• _EXERCISE AIM_
This exercise calls for retyping every line below exactly, with the images omitted.

• _GIVEN DATA_
□ □ □ □
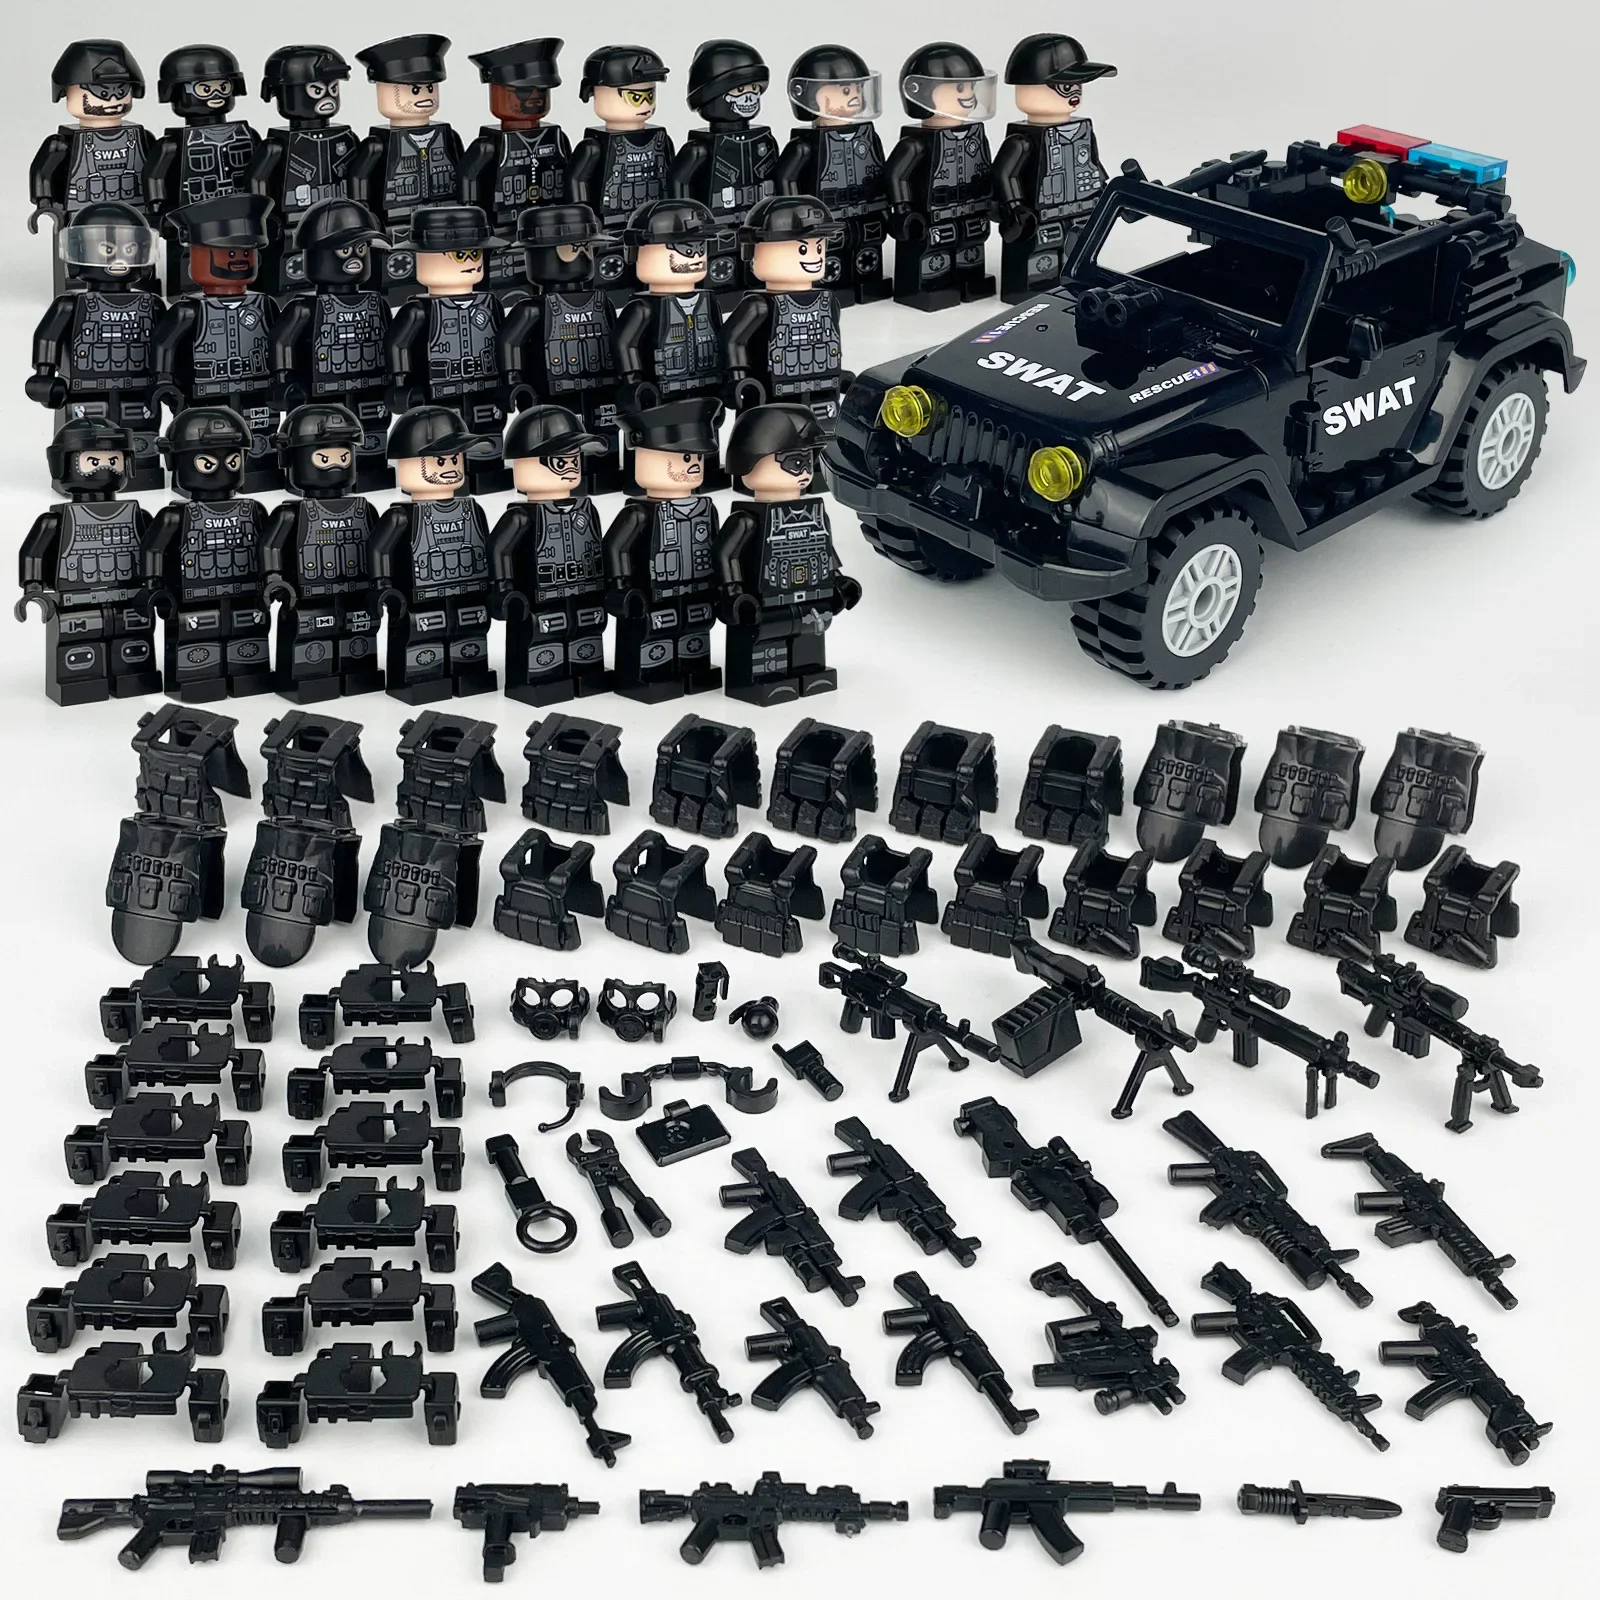 

Второй мировой войны, военные спецназа, современный солдат, полицейский автомобиль, городской спецназ, строительные блоки, мини-игрушка, рождественский подарок
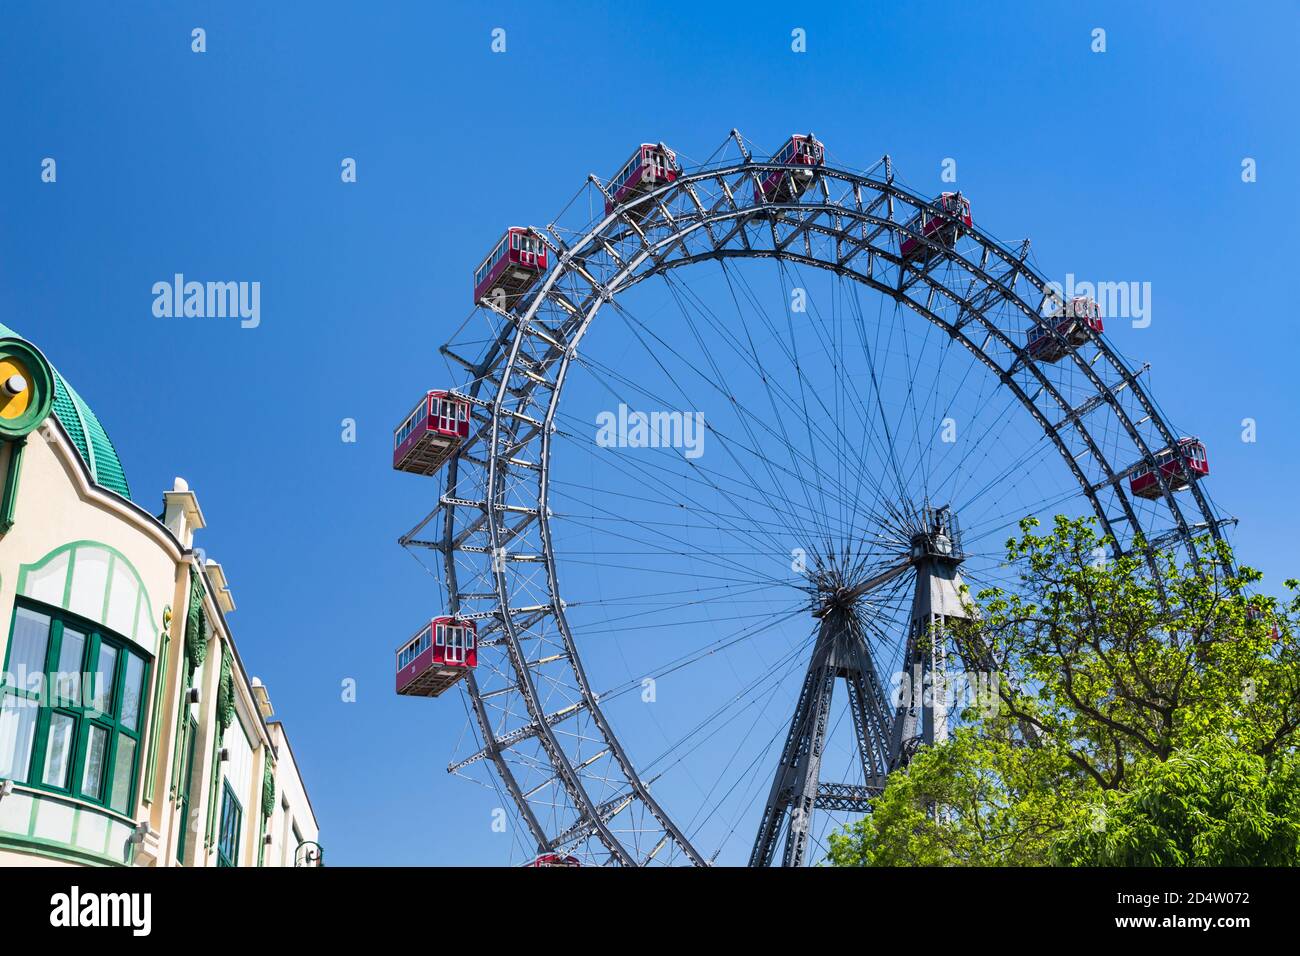 VIENNE - 6 MAI : vue sur la célèbre roue de ferris Wiener Riesenrad dans le parc d'attractions Prater à Vienne, Autriche, le 6 mai 2018 Banque D'Images
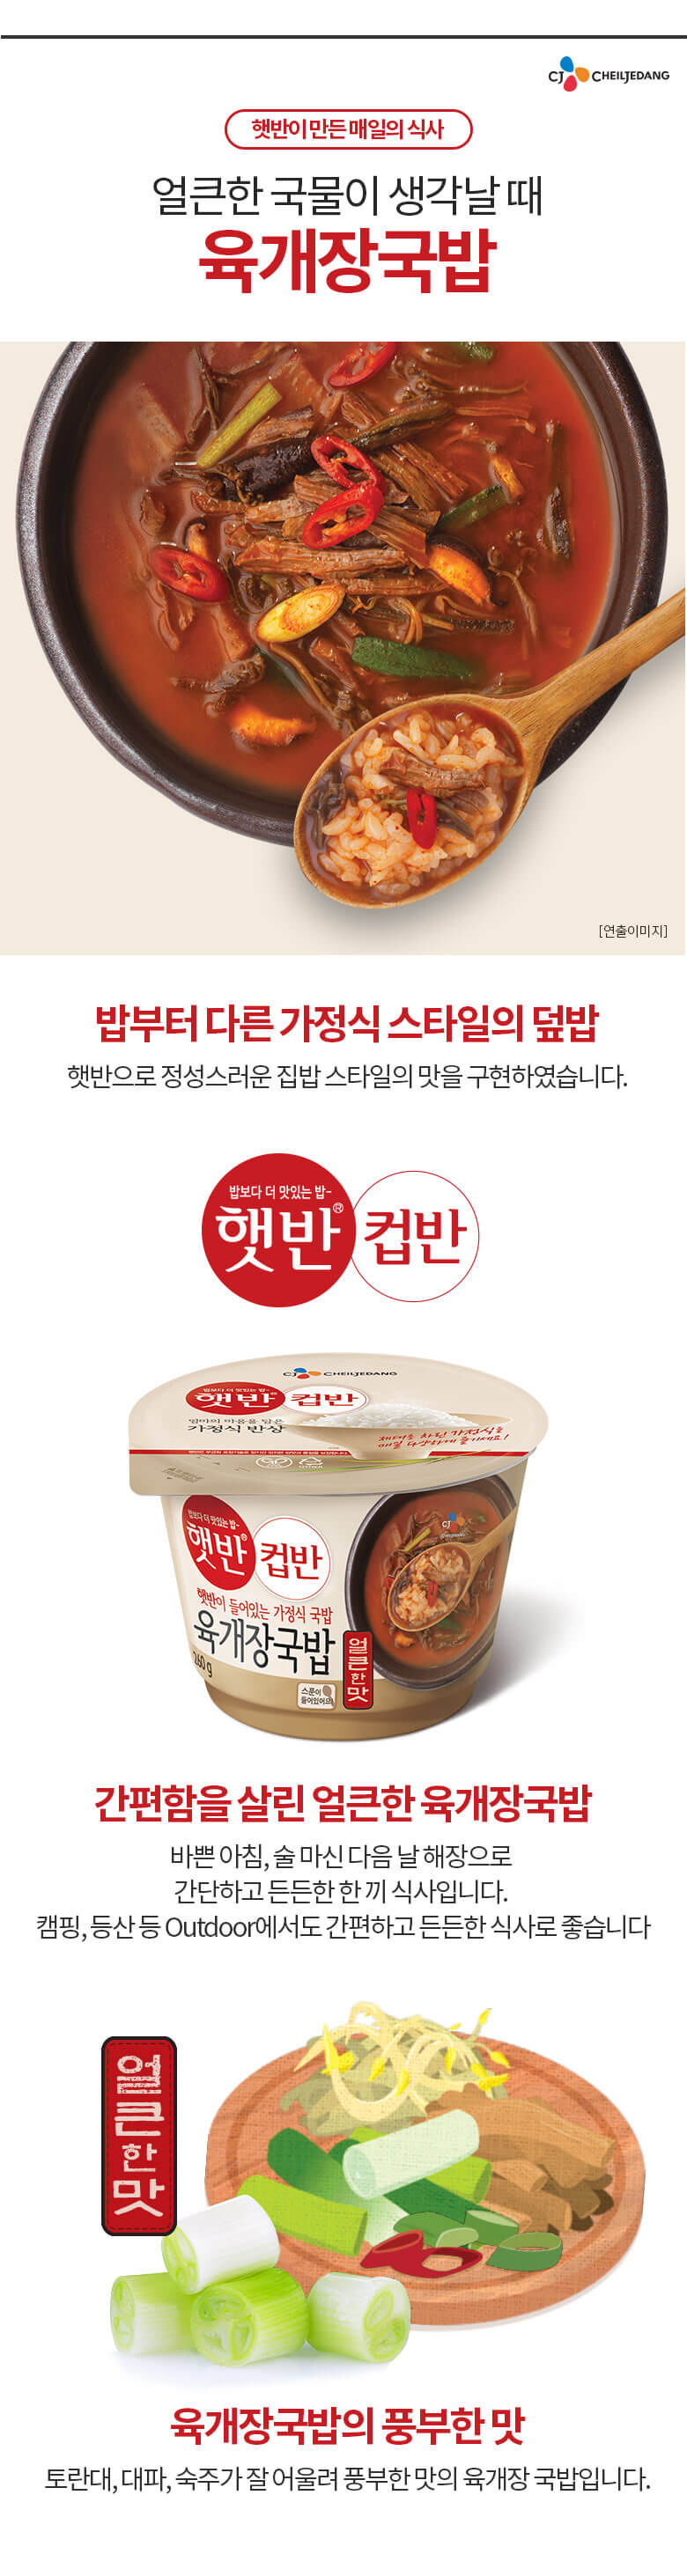 韓國食品-[CJ] 컵반[육개장국밥] 260g
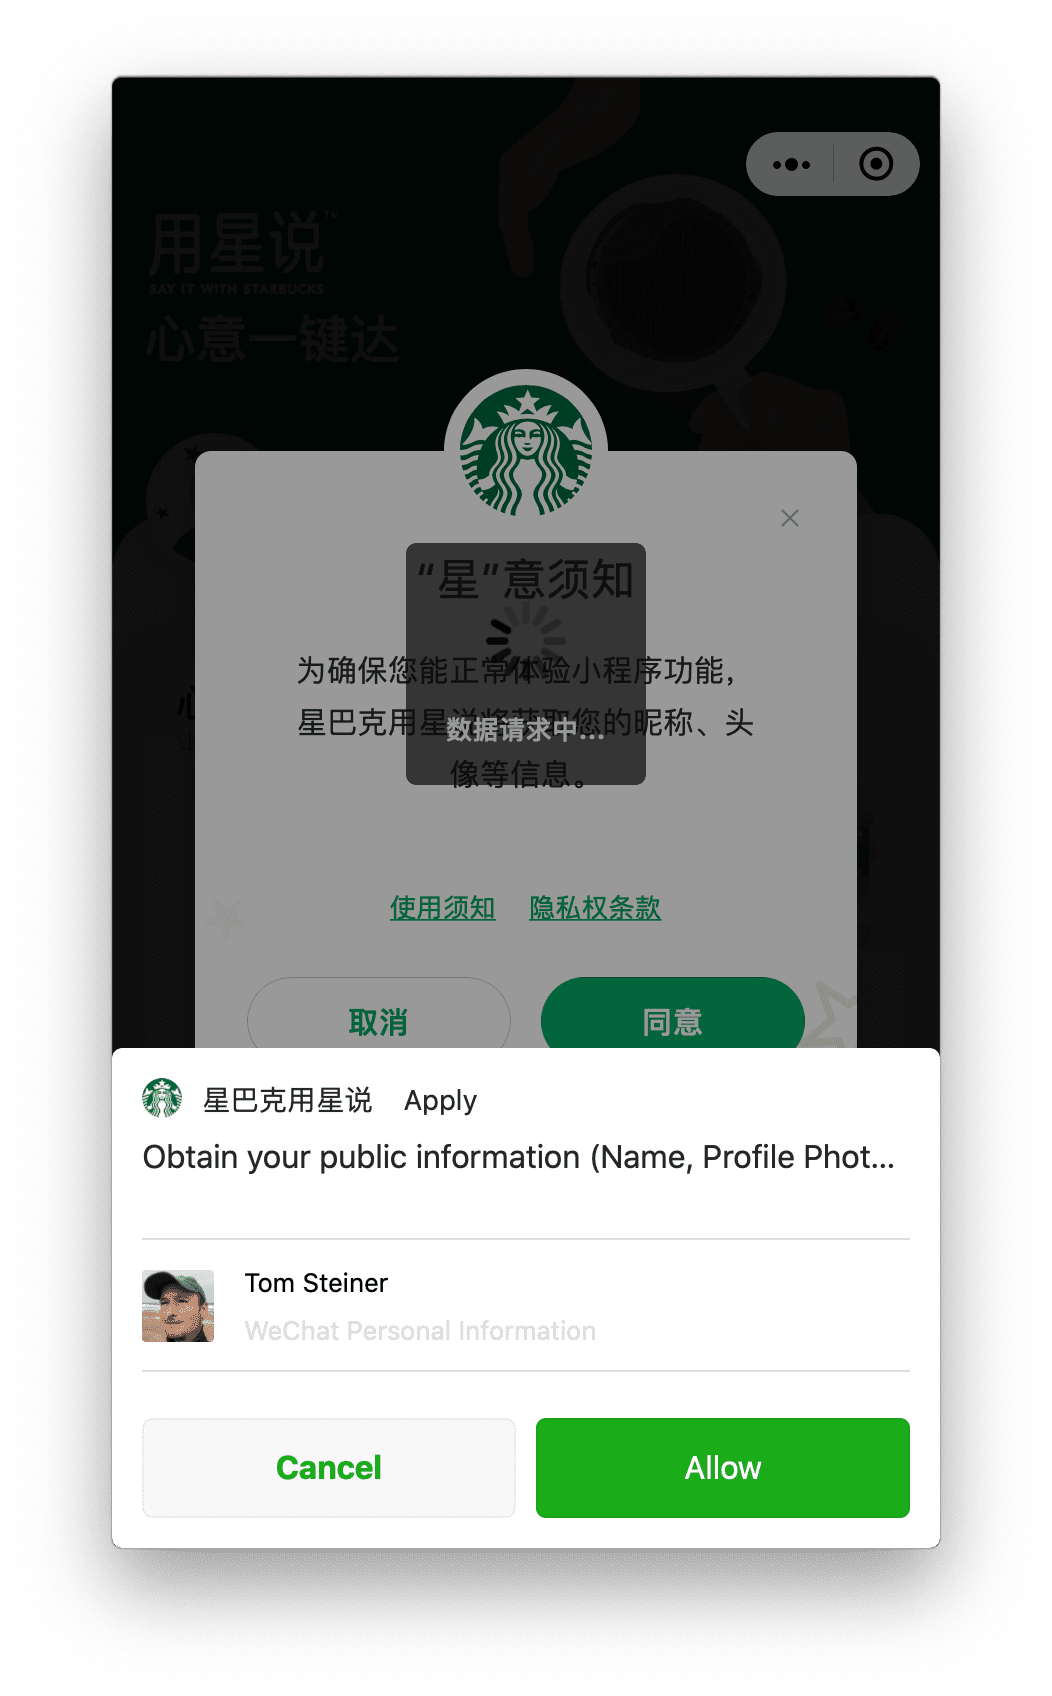 Die Starbucks-Mini-App unter macOS fordert die Berechtigung für das Nutzerprofil an, die der Nutzer über eine unten angezeigte Aufforderung erteilen kann.
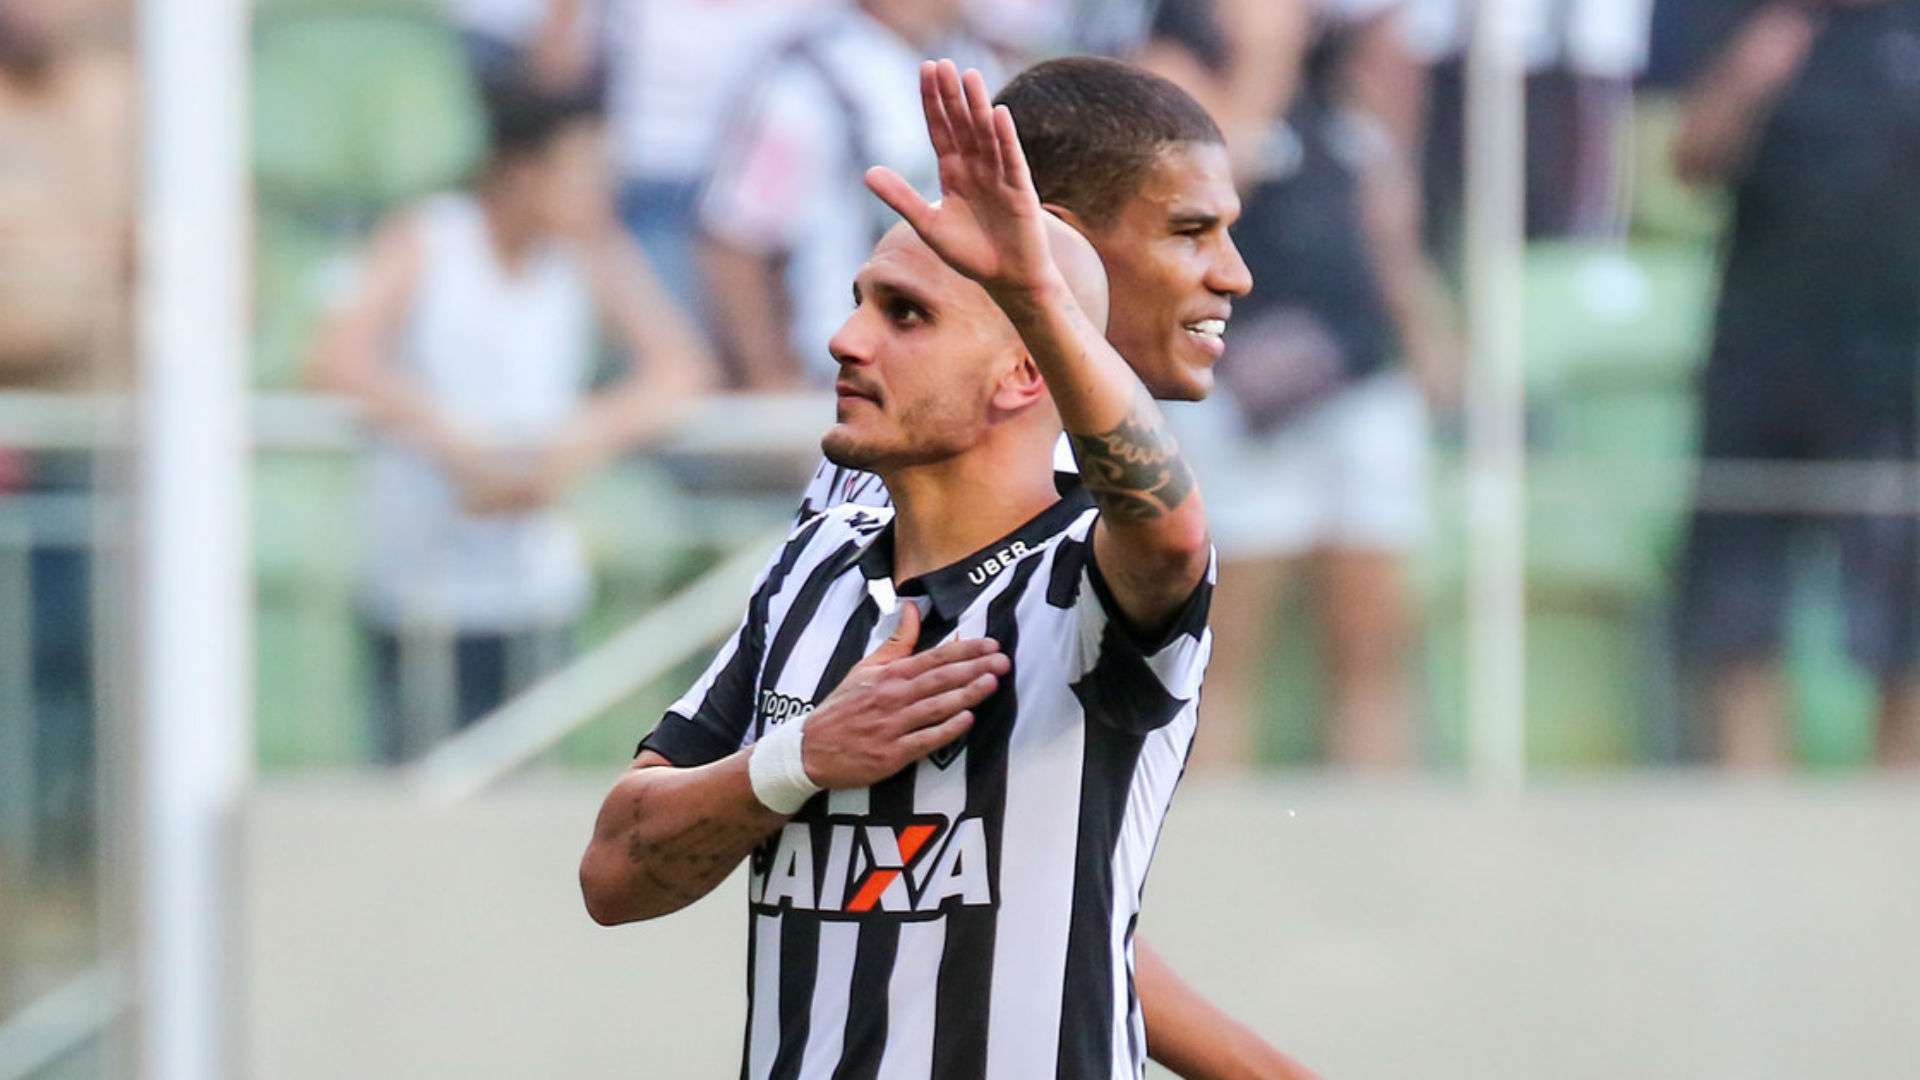 Fábio Santos Atlético URT Mineiro 18 03 2018
□ □ □ □
• _EXERCISE OUTPUT_
Второй мировой войны, военные спецназа, современный солдат, полицейский автомобиль, городской спецназ, строительные блоки, мини-игрушка, рождественский подарок
 VIENNE - 6 MAI : vue sur la célèbre roue de ferris Wiener Riesenrad dans le parc d'attractions Prater à Vienne, Autriche, le 6 mai 2018 Banque D'Images
 韓國食品-[CJ] 컵반[육개장국밥] 260g
 Die Starbucks-Mini-App unter macOS fordert die Berechtigung für das Nutzerprofil an, die der Nutzer über eine unten angezeigte Aufforderung erteilen kann.
 Fábio Santos Atlético URT Mineiro 18 03 2018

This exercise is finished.